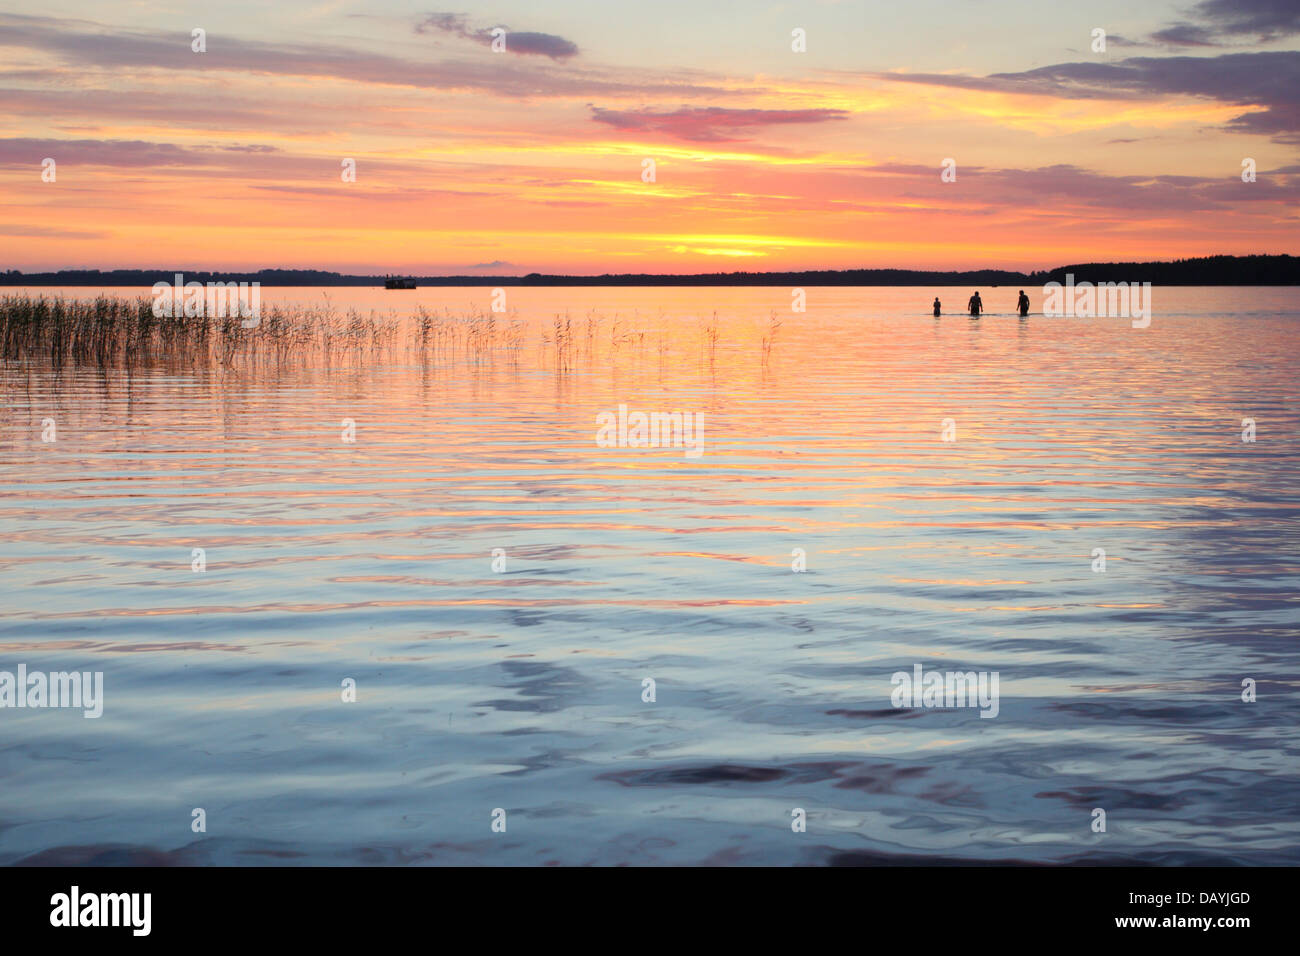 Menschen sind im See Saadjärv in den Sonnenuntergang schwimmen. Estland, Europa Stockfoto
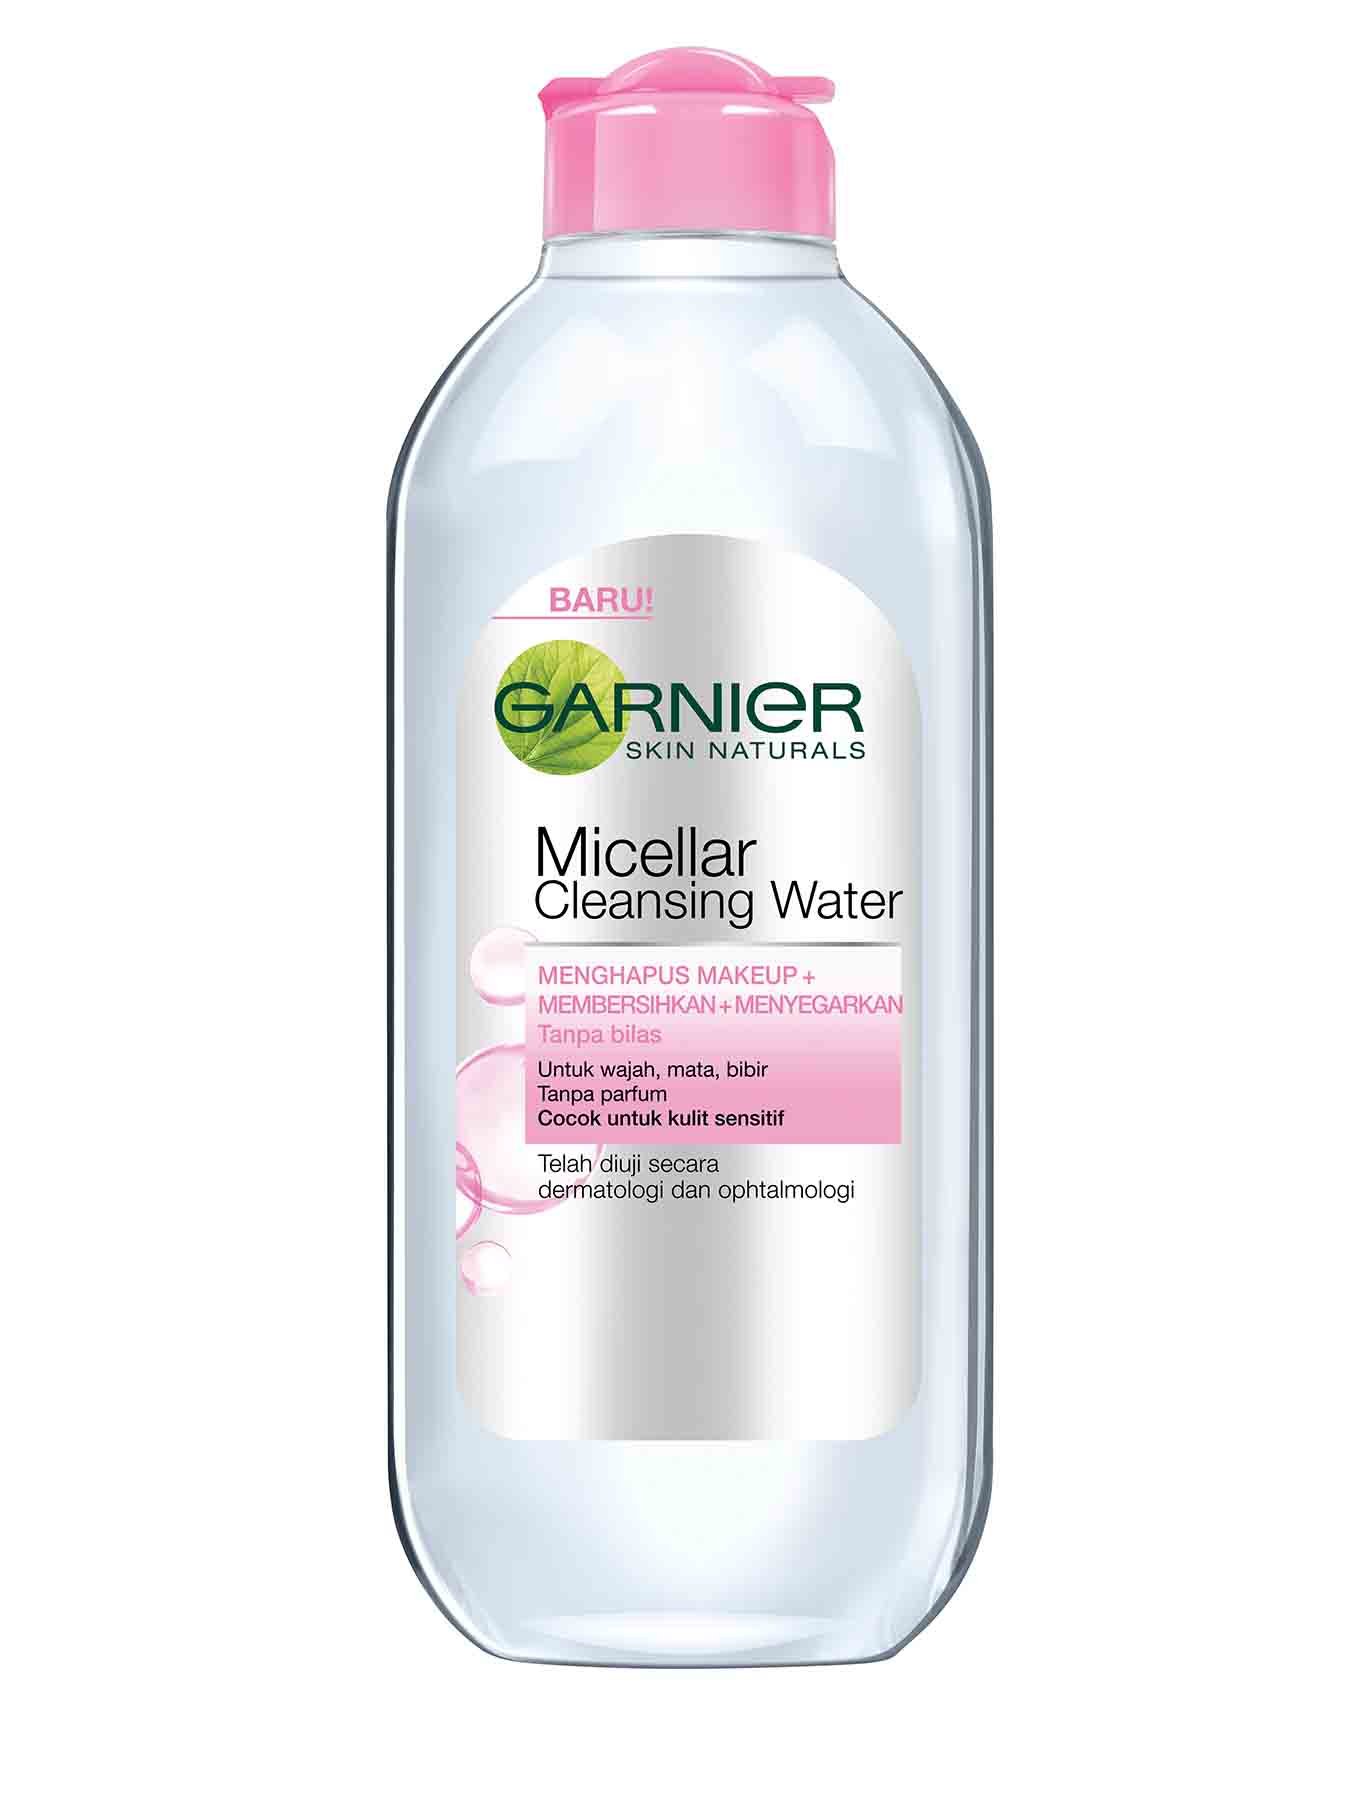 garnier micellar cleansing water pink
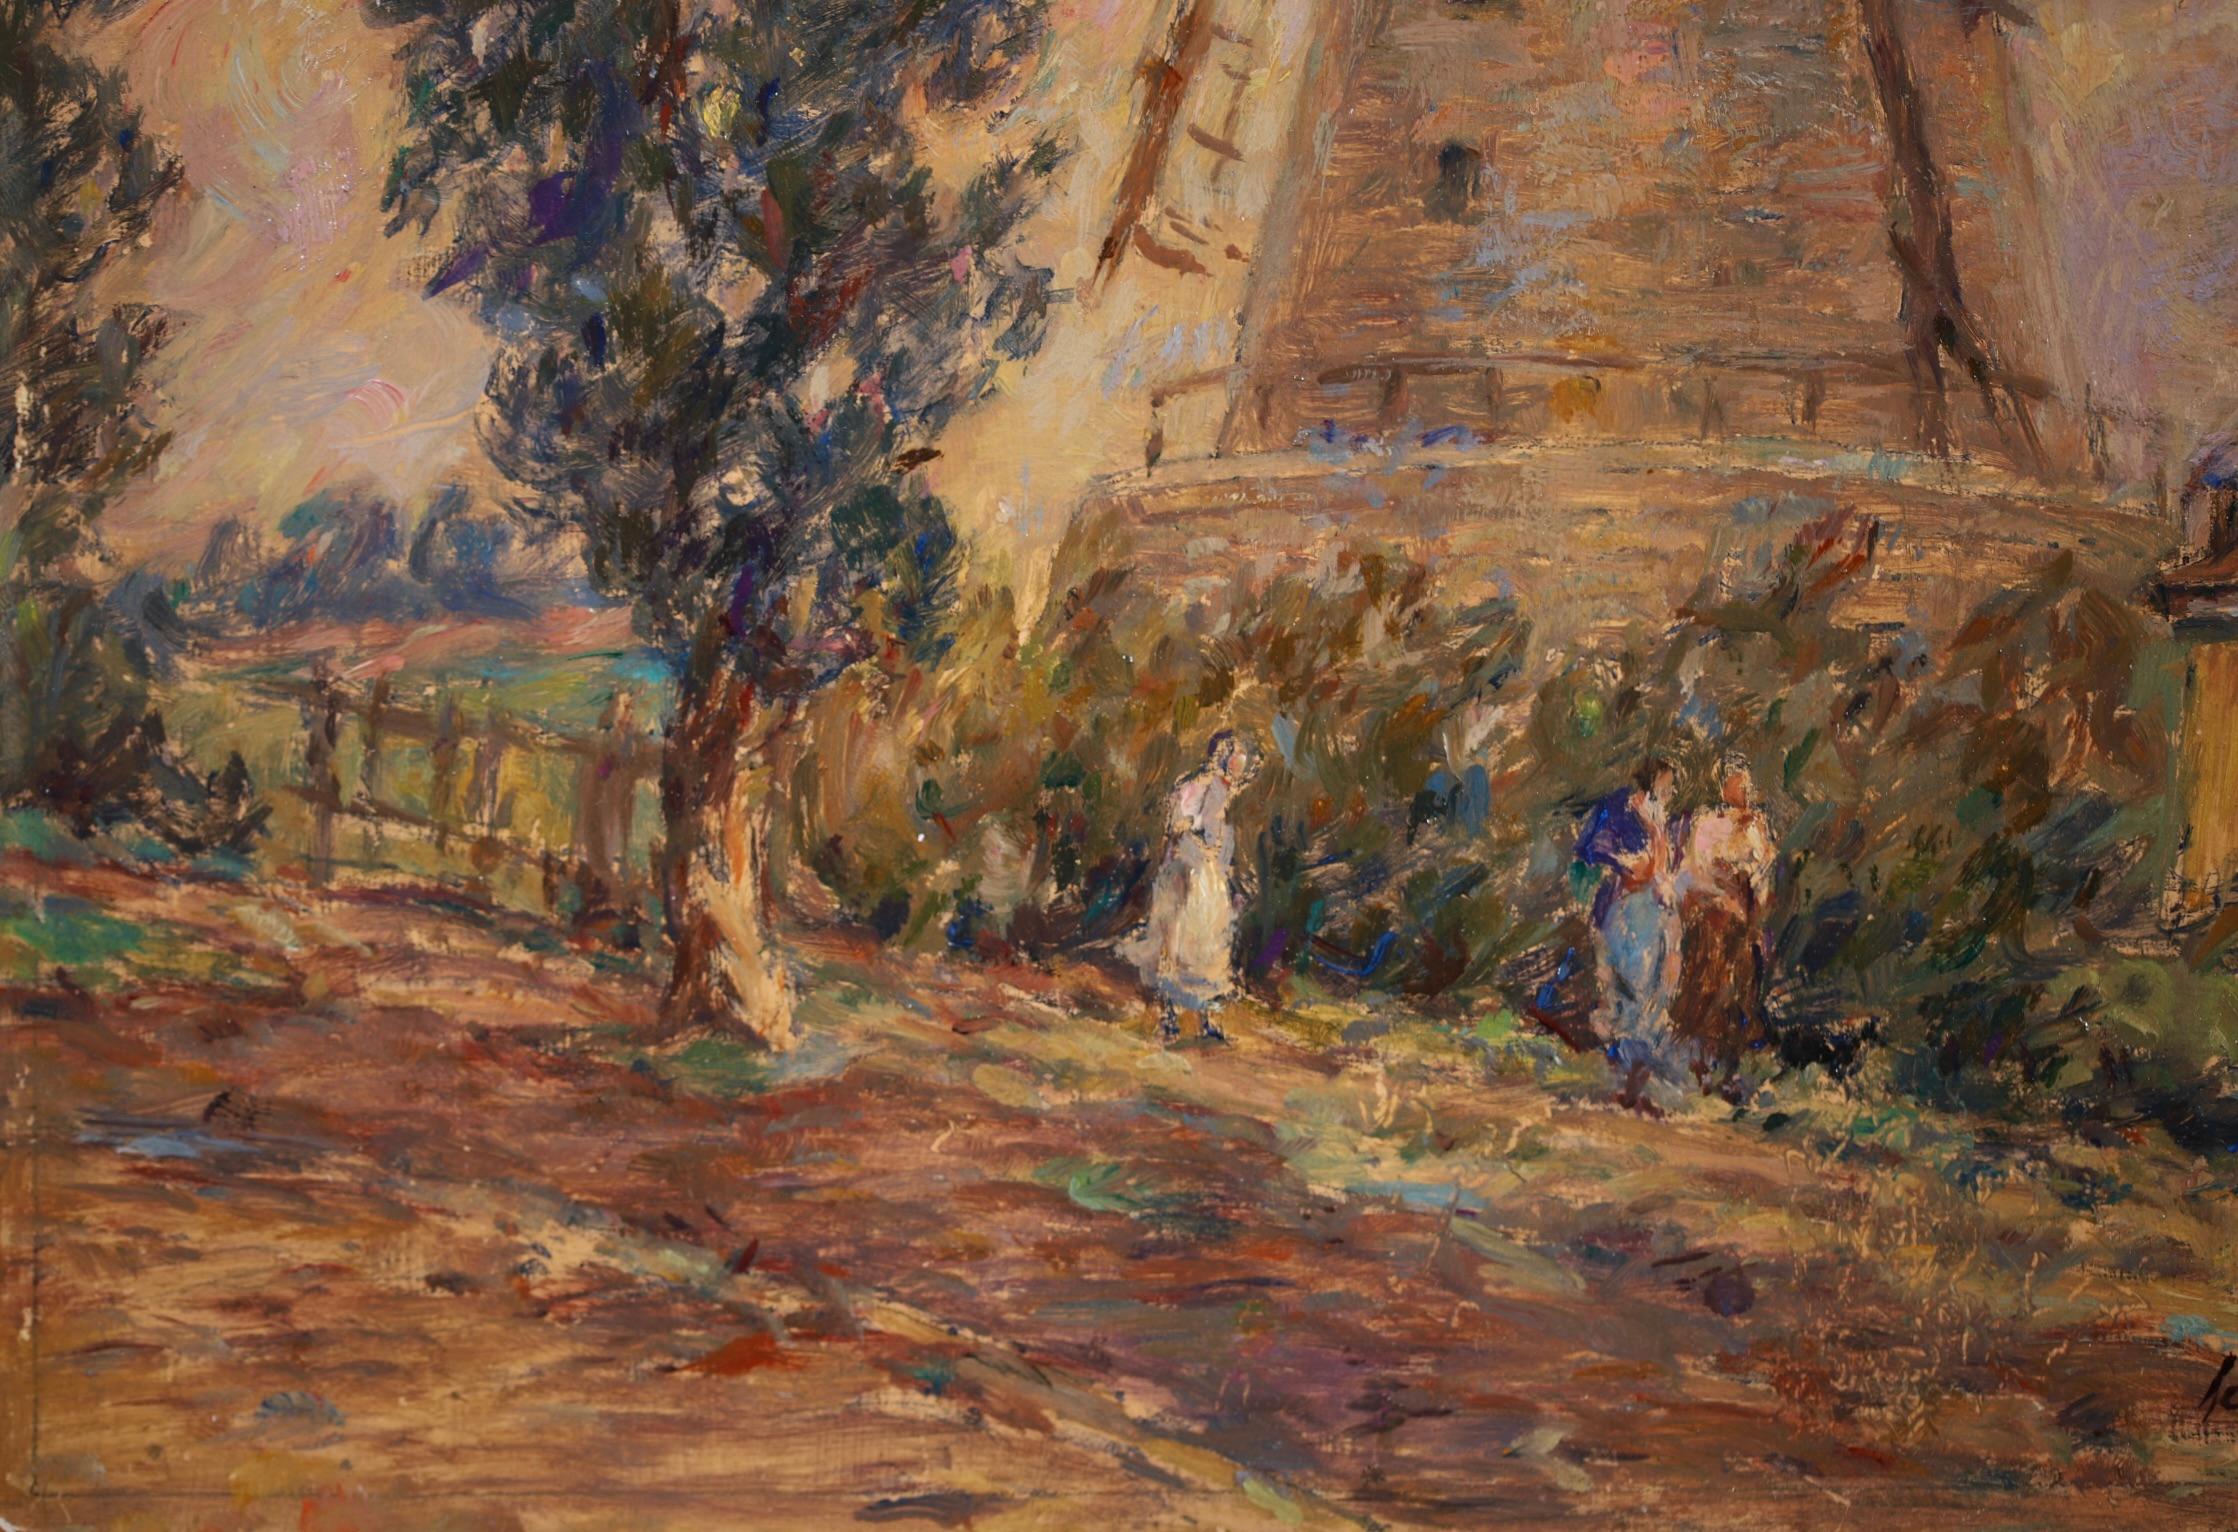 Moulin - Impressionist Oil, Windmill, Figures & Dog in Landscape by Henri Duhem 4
-*-*-
#### Instructions for the task
Give the data again exactly, image-free.

#### Result of the task
 Menschen sind im See Saadjärv in den Sonnenuntergang schwimmen. Estland, Europa Stockfoto
 garnier micellar cleansing water pink
 Moulin - Impressionist Oil, Windmill, Figures & Dog in Landscape by Henri Duhem 4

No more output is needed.